The share of state revenue from the sales tax, about 40 percent, has been falling as consumers shift from purchasing goods to services; the progressive income tax now accounts for 50 percent of state revenue. However, about half of the state's income tax is paid by 150,000 tax payers, meaning that the state tries to fund ongoing programs with taxes that depend largely on capital gains in the stock and real estate markets. When these markets fall, as in 2009-10, state revenues fall sharply.

Schwarzenegger threatened to end CalWorks, the state's cash assistance program for the poor. A single parent with two children generally must earn less than $14,436 a year to qualify for the cash assistance and becomes ineligible once her income exceeds about $20,000.

California has 1.2 million residents receiving Supplemental Security Income. When SSI was created in 1974, California added an extra $10 a month to the SSI payment and made SSI recipients ineligible for Food Stamps. Since 1974, Food Stamp benefits have been increased while SSI payments rose much slower.

California provides tax breaks worth up to $37,400 when employers hire workers in census tracts where half of residents live in households with incomes less than the state's median income of $47,493. The tax break is normally based on the employee's address. Many employers receiving the tax break hire employees from census tracts that have low average incomes because, for instance, a university is located there with many low-income students.

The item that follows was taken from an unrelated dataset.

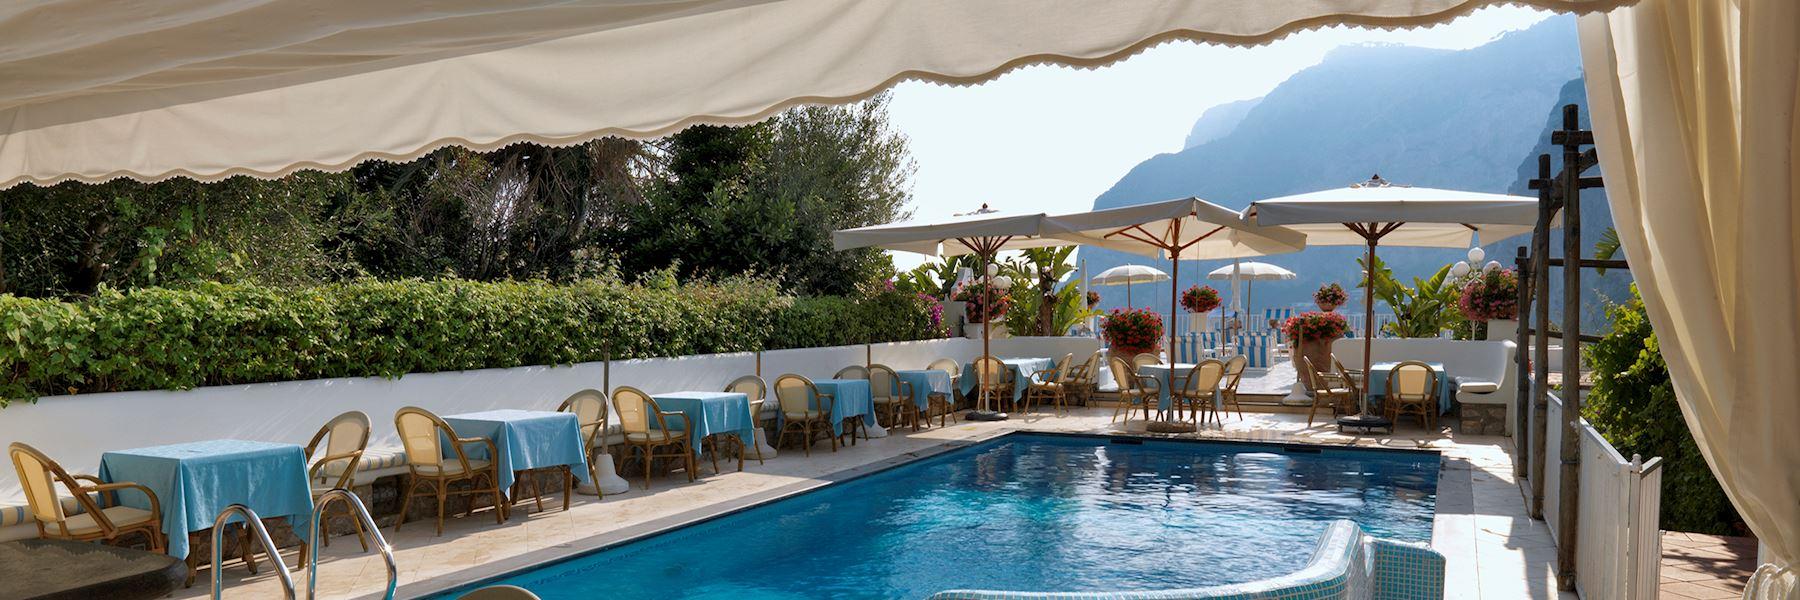 Villa Brunella | Hotels in Capri | Audley Travel

In 2008, about six percent of US-born workers in California, and a third of foreign-born workers in the state, had not completed high school. In 2007-08, about 68 percent of Californians who began ninth grade four years earlier graduated from high school, and 34 percent met admissions requirements for UC and CSU. Graduation rates varied by race and ethnicity. Over 91 percent of Asians graduated, 80 percent of whites, 65 percent of Blacks, and 61 percent of Hispanics.

Pensions. A major issue during budget negotiations was whether to reduce pension and other benefits for newly hired state employees. According to BLS, 86 percent of state and local government employees throughout the US have access to employer-sponsored medical and retirement benefits, compared with 64 percent of all US workers.

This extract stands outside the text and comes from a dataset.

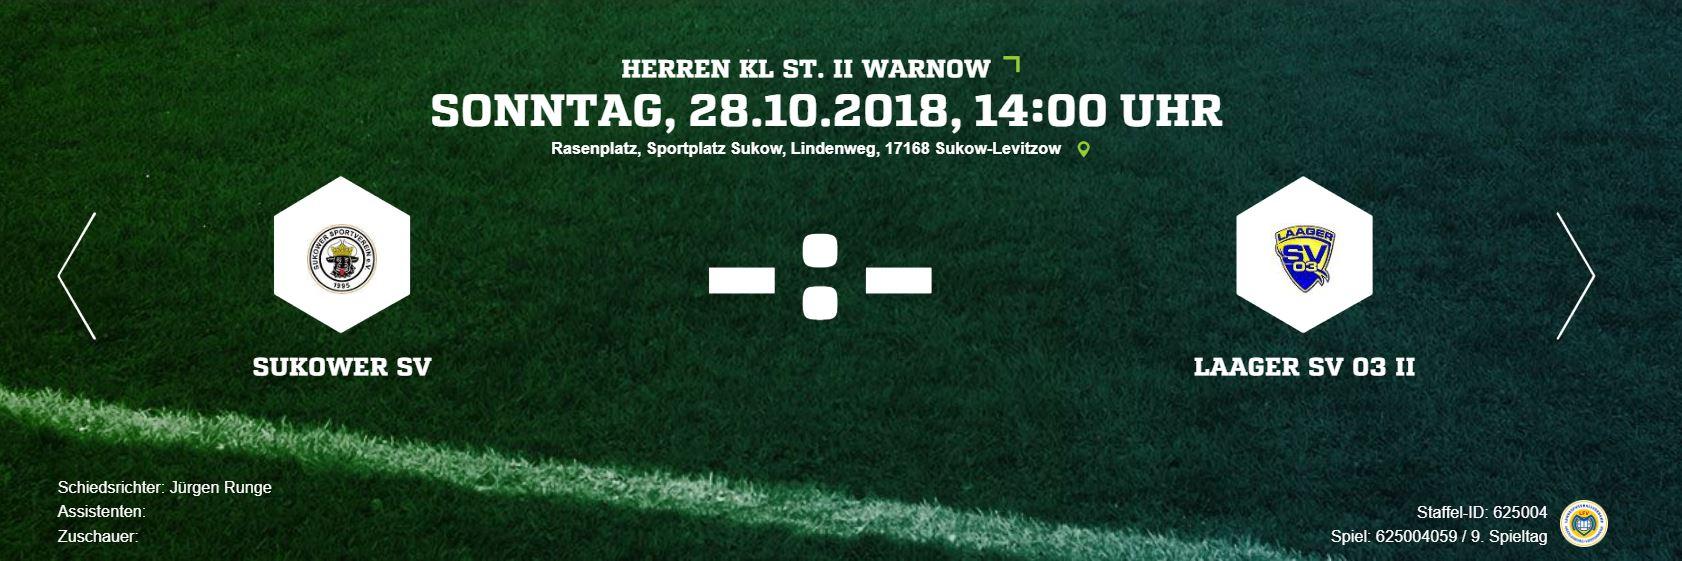 20181028 1400 Fußball II

One reason that government employees get more benefits is that 55 percent are in managerial or professional occupations, compared to 25 percent of all US workers. About 90 percent of US workers covered by a collective bargaining agreement have access to both medical and retirement benefits.

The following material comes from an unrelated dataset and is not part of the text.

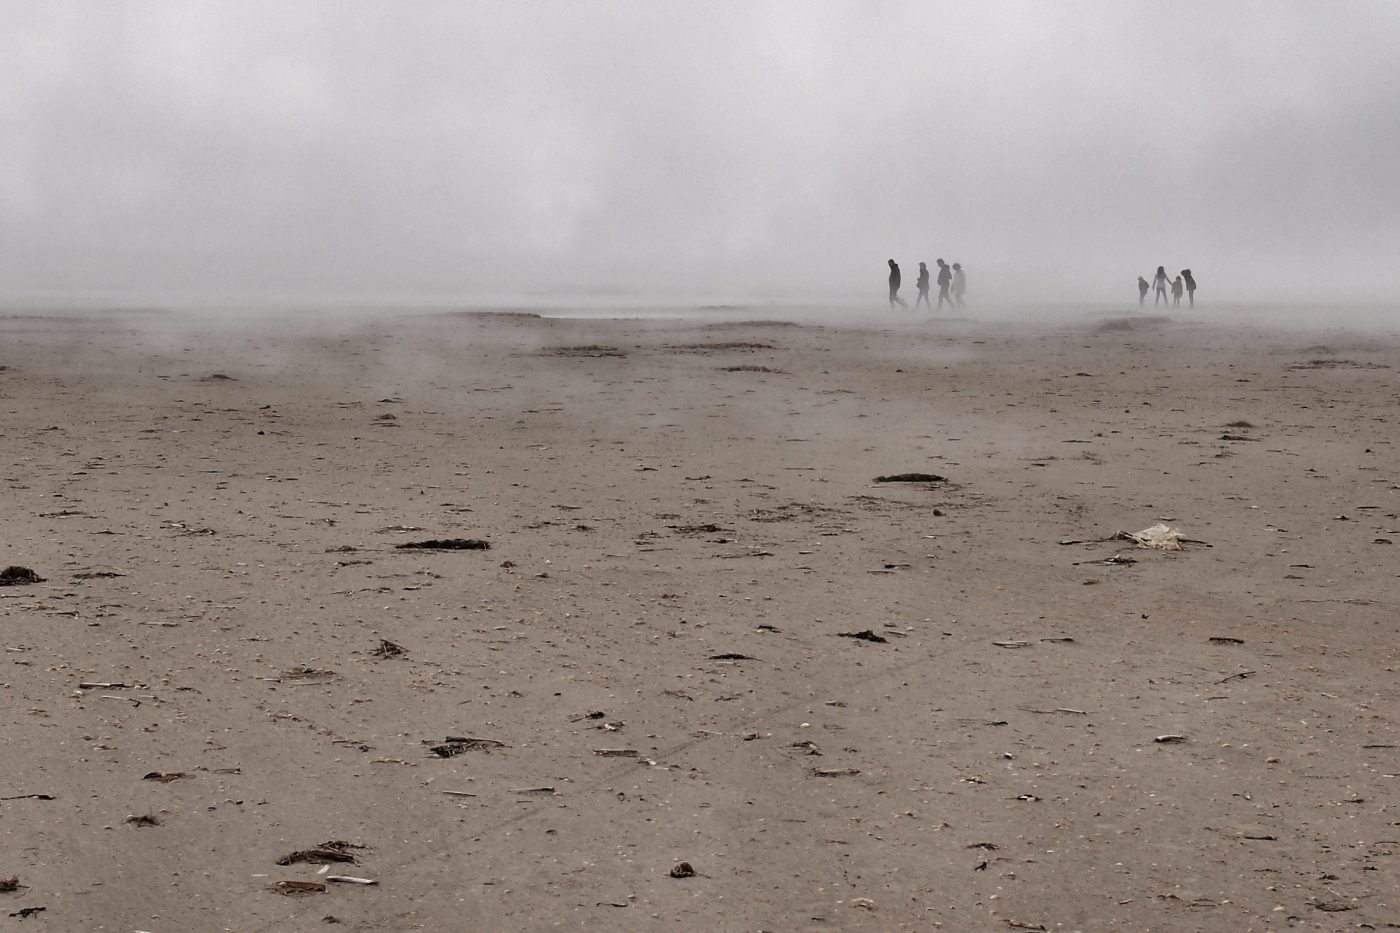 Strand im Nebel auf Fanø.

The Pew Center on the States estimated that states had an unfunded pension deficit of $1 trillion to their workers after calculating pension promises for cash and health benefits and state contributions to pension funds. Colorado became the first US state to reduce pensions for retired state workers in summer 2010 below promised levels, drawing suits from retirees who questioned whether there was an "actuarial necessity" to reduce pension benefits.

Bell. Los Angeles county has almost 10 million residents, including almost four million in the city of Los Angeles. Most of the other six million residents live in the county's other 87 cities and a few live in unincorporated areas of the county. The second-largest city in Los Angeles county is Long Beach, with almost 500,000 residents.

Many Los Angeles county residents are non-US citizens who do not vote, allowing a small number of voters to control city government. Bell, a largely immigrant city of almost 37,000 residents, became a charter city in a 2006 election that drew fewer than 400 of the city's 9,000 registered voters. The change allowed members of the city council ($100,000 a year) and the city manager ($800,000) to become among the highest paid in the US.

After newspapers reported the high salaries in summer 2010, residents organized a recall campaign and forced the city manager to resign. In July 2010, the city council agreed to reduce member salaries to less than $10,000 a year, and the three highest-paid city employees, whose salaries were almost 10 percent of the city's $16 million a year general fund budget, resigned.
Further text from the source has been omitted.